Elle choisit un fauteuil qui lui permettait de tourner le dos à Simone.
Léon prit place en face d’elle.
— Des problèmes ?
— Comme si tu l’ignorais.
— Qu’est-ce que je suis censé ne pas ignorer ?
— Sais-tu pourquoi Boris achète cette maison de Versailles ?
— Oui, dit Léon, parce qu’il est fou. L’une des chambres l’a bouleversé et il veut que Solard la reconstitue sur la scène de Chaillot pour le dernier tableau de sa pièce. Au lieu de demander gentiment à l’agence la permission d’aller croquer la piaule en question, lui il achète carrément la baraque.
Il rit :
— Votre hérédité russcoff, à vous autres, c’est quelque chose.
Sa plaisanterie tomba à plat. Nadia ne réagit pas. Elle déclara :
— Il achète cette maison pour m’y enfermer.
— Qu’est-ce que tu racontes !
— Il me l’a dit, après ton départ. Il exige que j’aille me claquemurer dans cette bicoque. Tu as gagné, Léo, tu vas avoir le champ libre.
Yvrard masqua sa joie sous une mine soucieuse.

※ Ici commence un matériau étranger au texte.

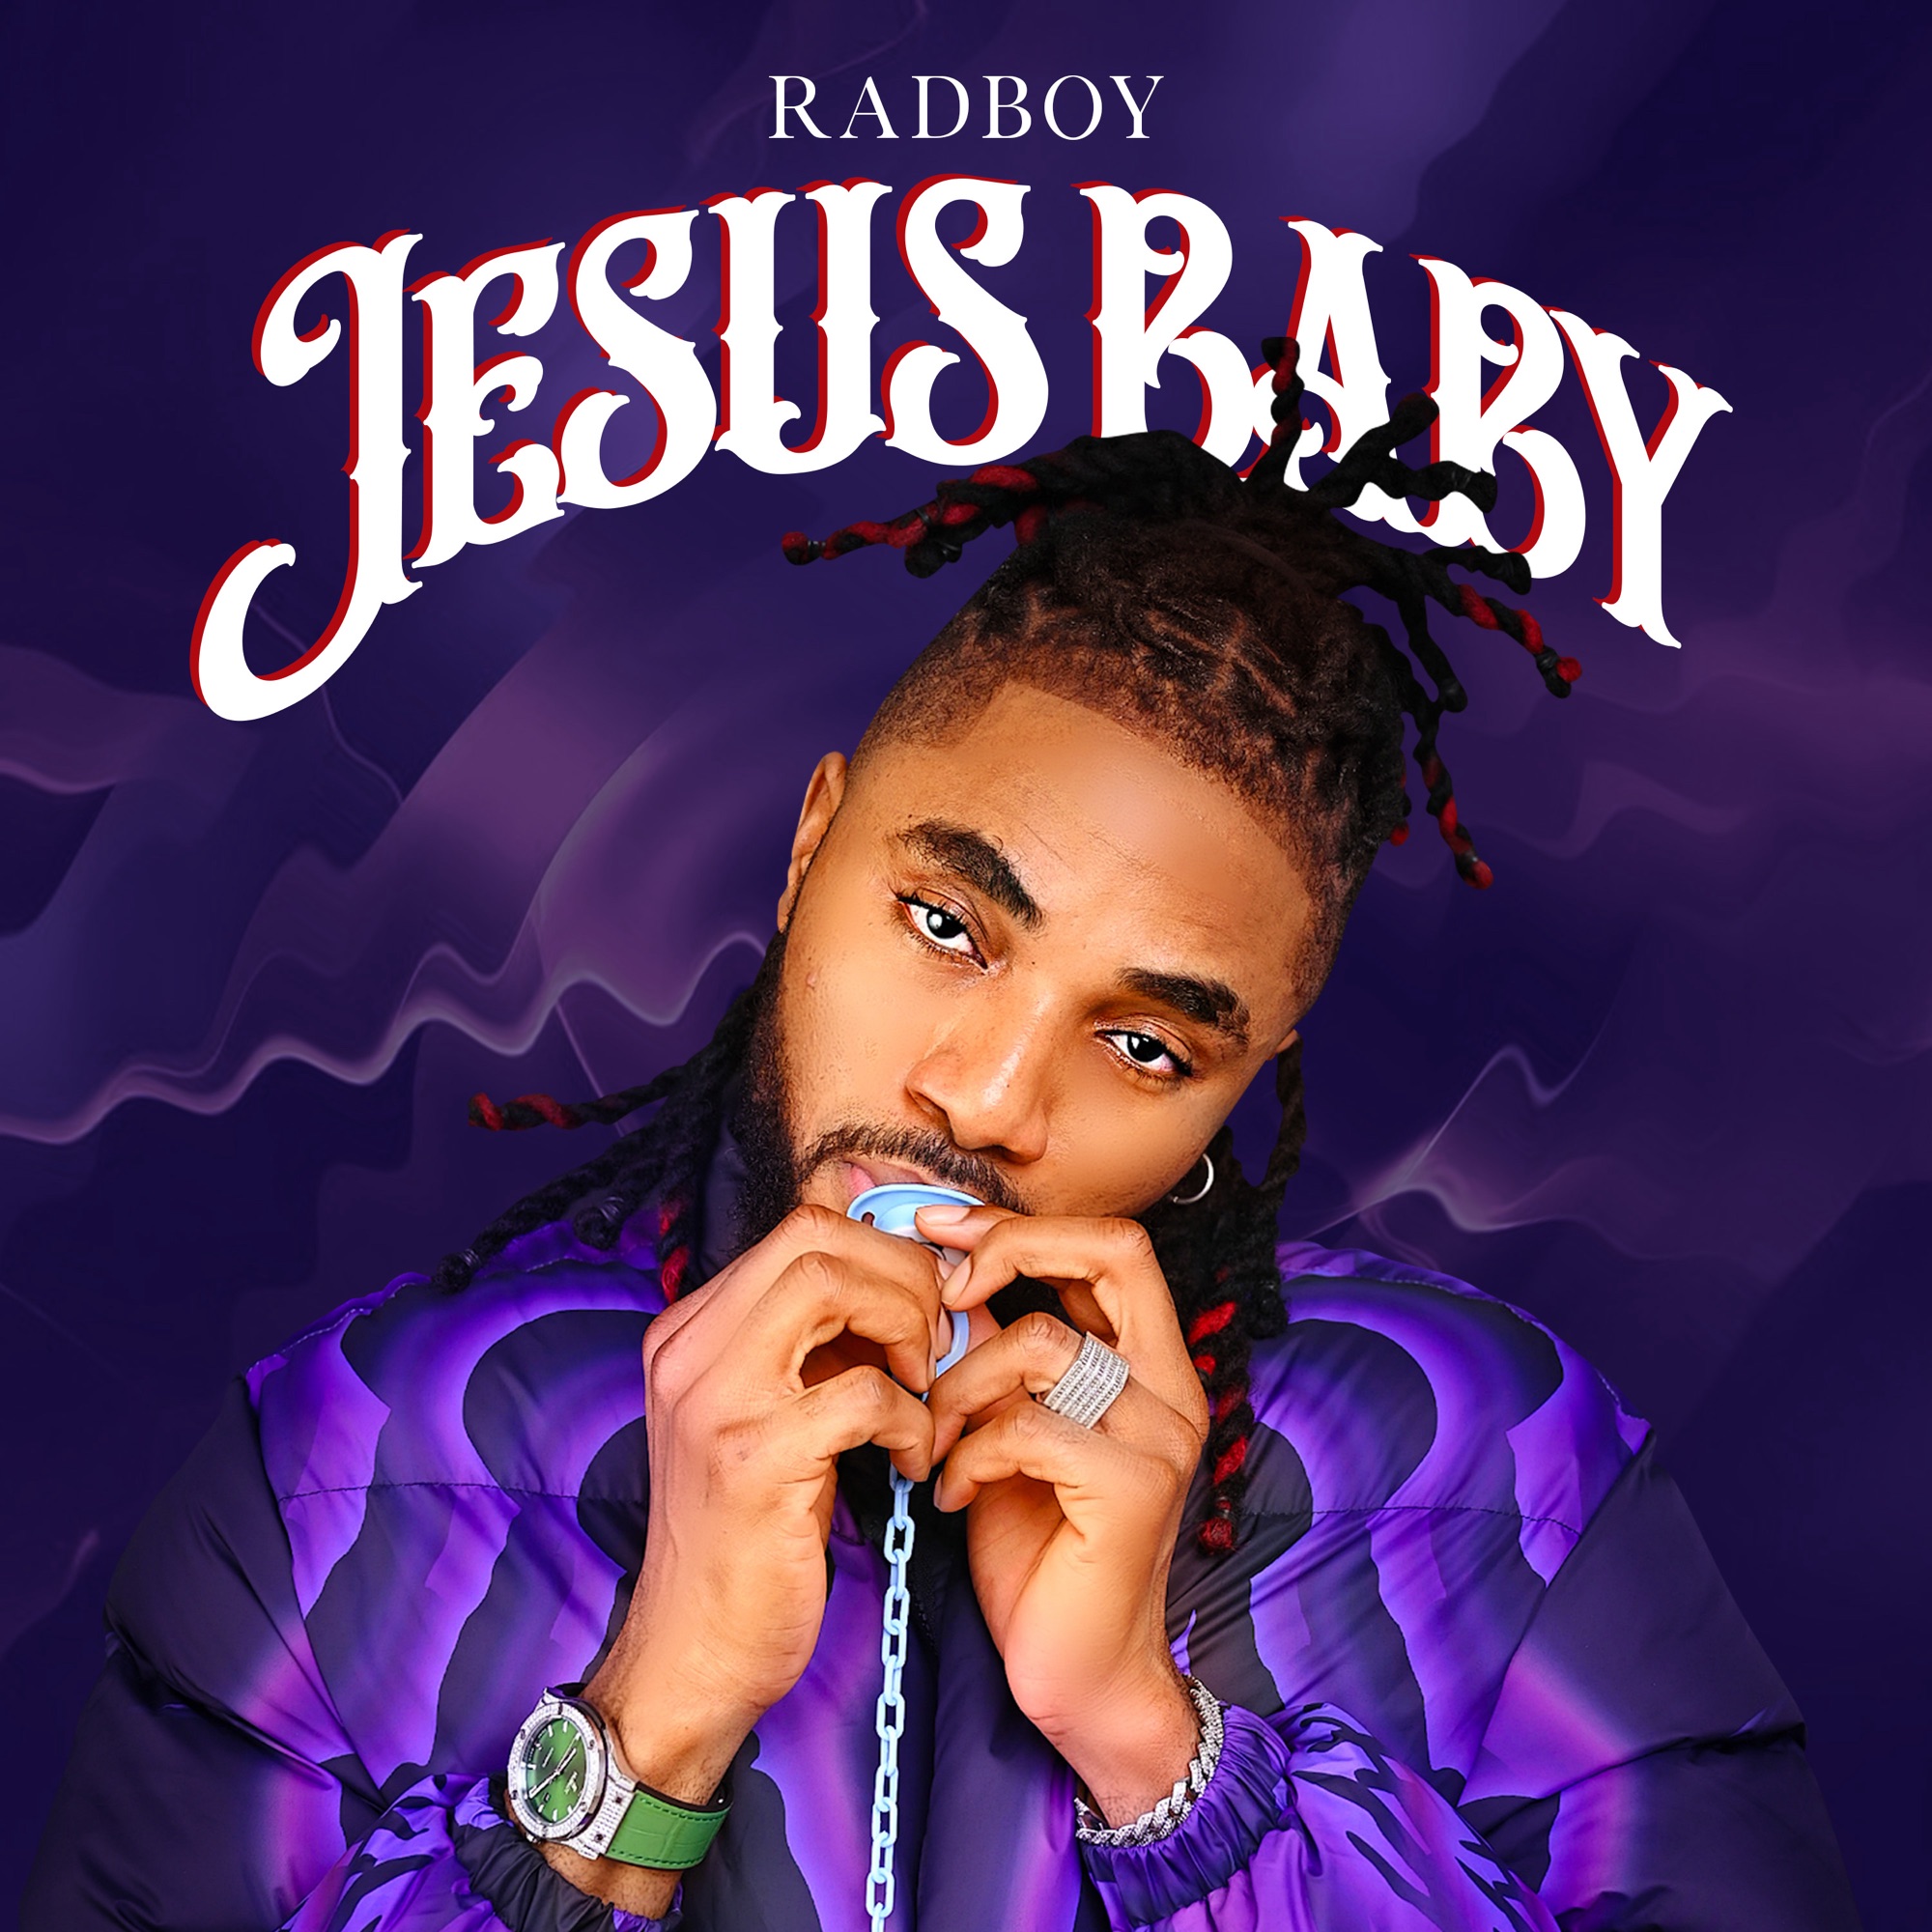 Rad Boy resurfaces with brand new song “Jesus Baby”

— Il a dit ça parce qu’il était de mauvais poil. Son nouveau spectacle semble le tourmenter davantage encore que les autres.
— Non, Léon. Il a dit ça parce qu’il en a marre de notre union. Ta baraque versaillaise est le sas de notre séparation. Si j’acceptais sa proposition, au bout d’un certain temps, nous passerions au divorce.

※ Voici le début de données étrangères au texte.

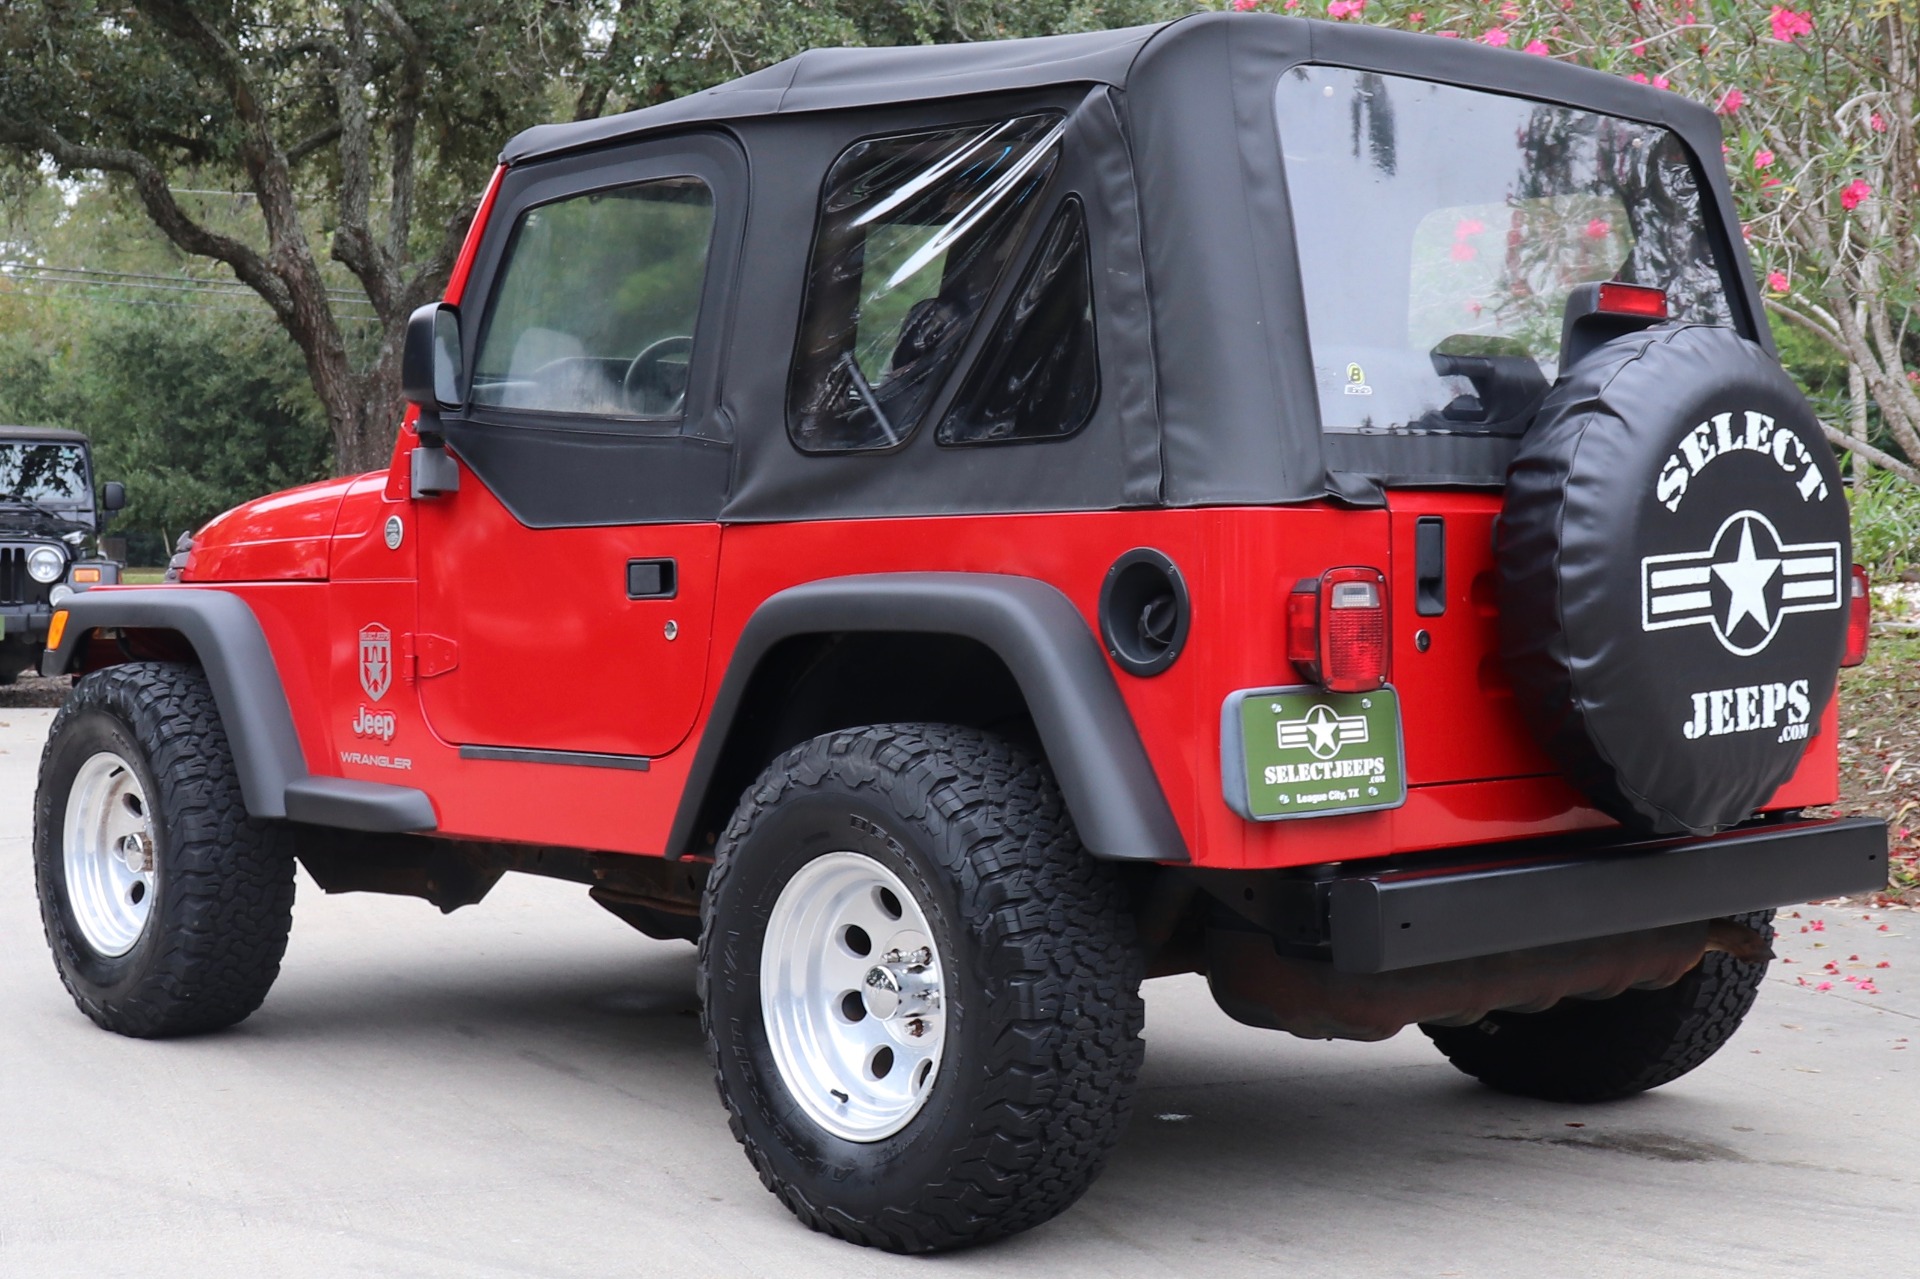 Used 2006 Jeep Wrangler SE For Sale (14,995) Select

Sa voix fit un couac ; elle faillit éclater en sanglots, se contint de justesse.
— Après tout ce que nous avons vécu ensemble, parvint-elle à ajouter.
Léon eut une flambée de colère.
— Vous avez fait quoi ensemble, imbécile ? L’amour et des camomilles ! Tu as été pendant vingt ans la petite sentinelle de sa gloire. Tu regardais les évolutions de ton trapéziste, assise sur le bord de la piste et tu n’applaudissais même pas, tant tu es réservée, digne fille du grand Fedor jamais content ! Tu l’attendais à la maison, voire dans sa loge à la rigueur, avec un maillot de corps propre et une serviette-éponge pour essuyer le dos trempé de l’athlète.

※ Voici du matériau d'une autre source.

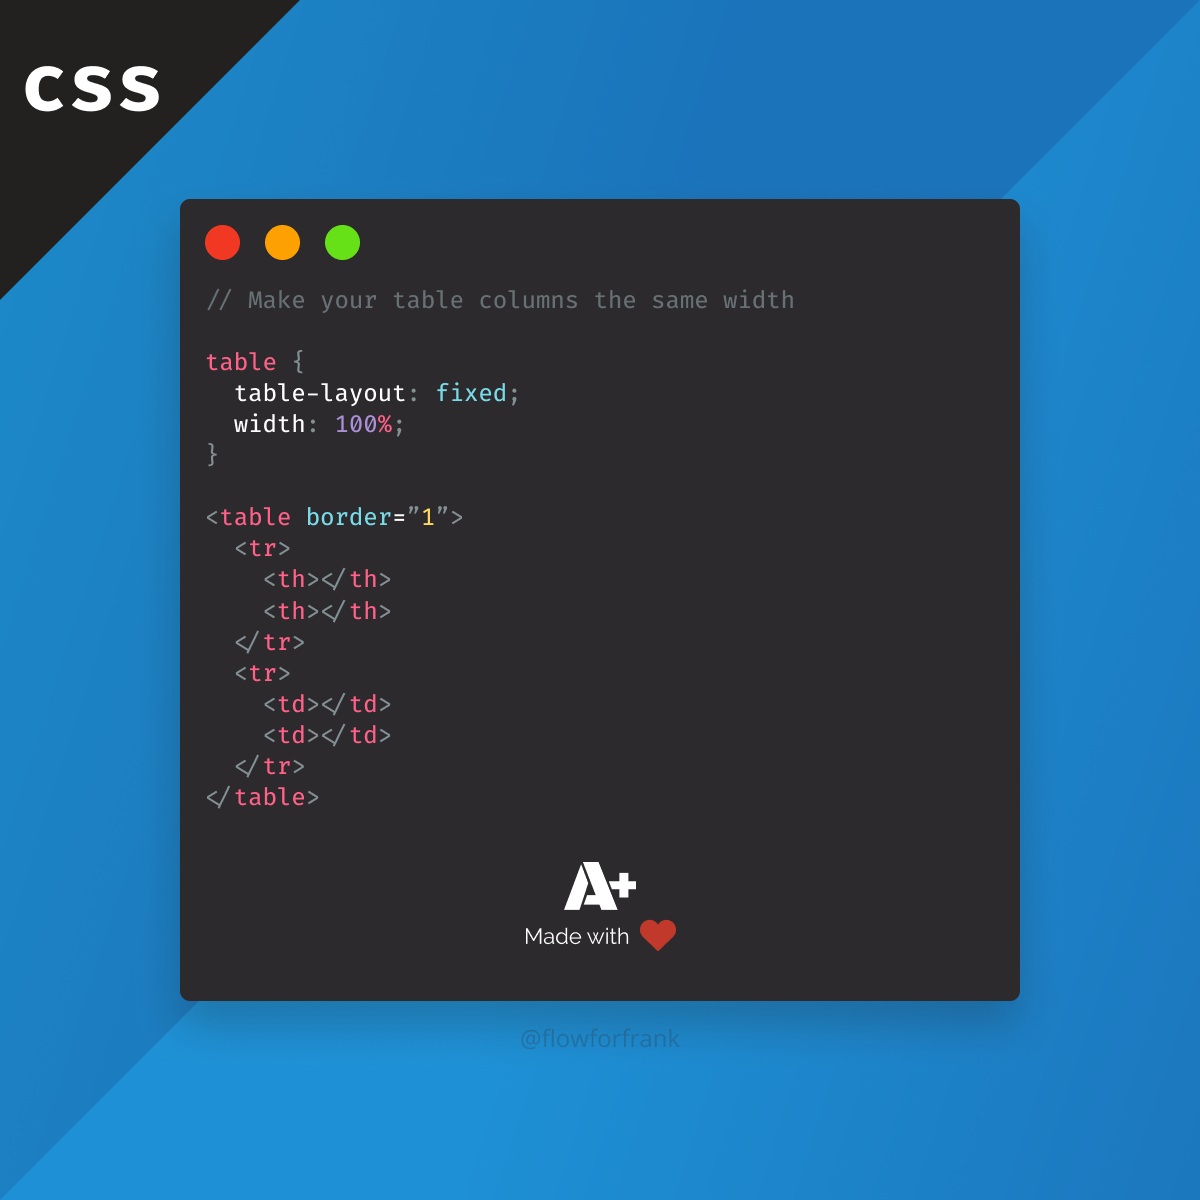 How to make table columns same width in CSS

« T’es-tu jamais enflammée, ce que j’appelle s’enflammer, pour ses projets ? Penses-tu : bien trop prudente ! Des objections, ça à la pelle ! Tu es une rogneuse d’ailes, Nadia. Boris, lui, est un génie qui a besoin d’une continuelle stimulation de ses proches. Il faut l’ovationner avant qu’il ouvre la bouche, pour le mettre en confiance. Si tu savais ta gueule dans nos moments d’enthousiasme ! On était là, à crier d’allégresse pour des riens, à battre des mains comme des mômes, et toi, connasse, tu restais sur ta putain de réserve, attentive et soucieuse. Peut-être est-ce ainsi qu’on doit aimer un médecin ou un magistrat, mais sûrement pas un artiste. Tu croyais lui apporter « l’équilibre », ma belle, tu le faisais seulement chier. Lorsqu’on est Boris Lassef, la voix de la raison, tiens, fume ! Quand on a un feu d’artifice dans l’âme, l’indifférence ressemble à une petite pluie aigre.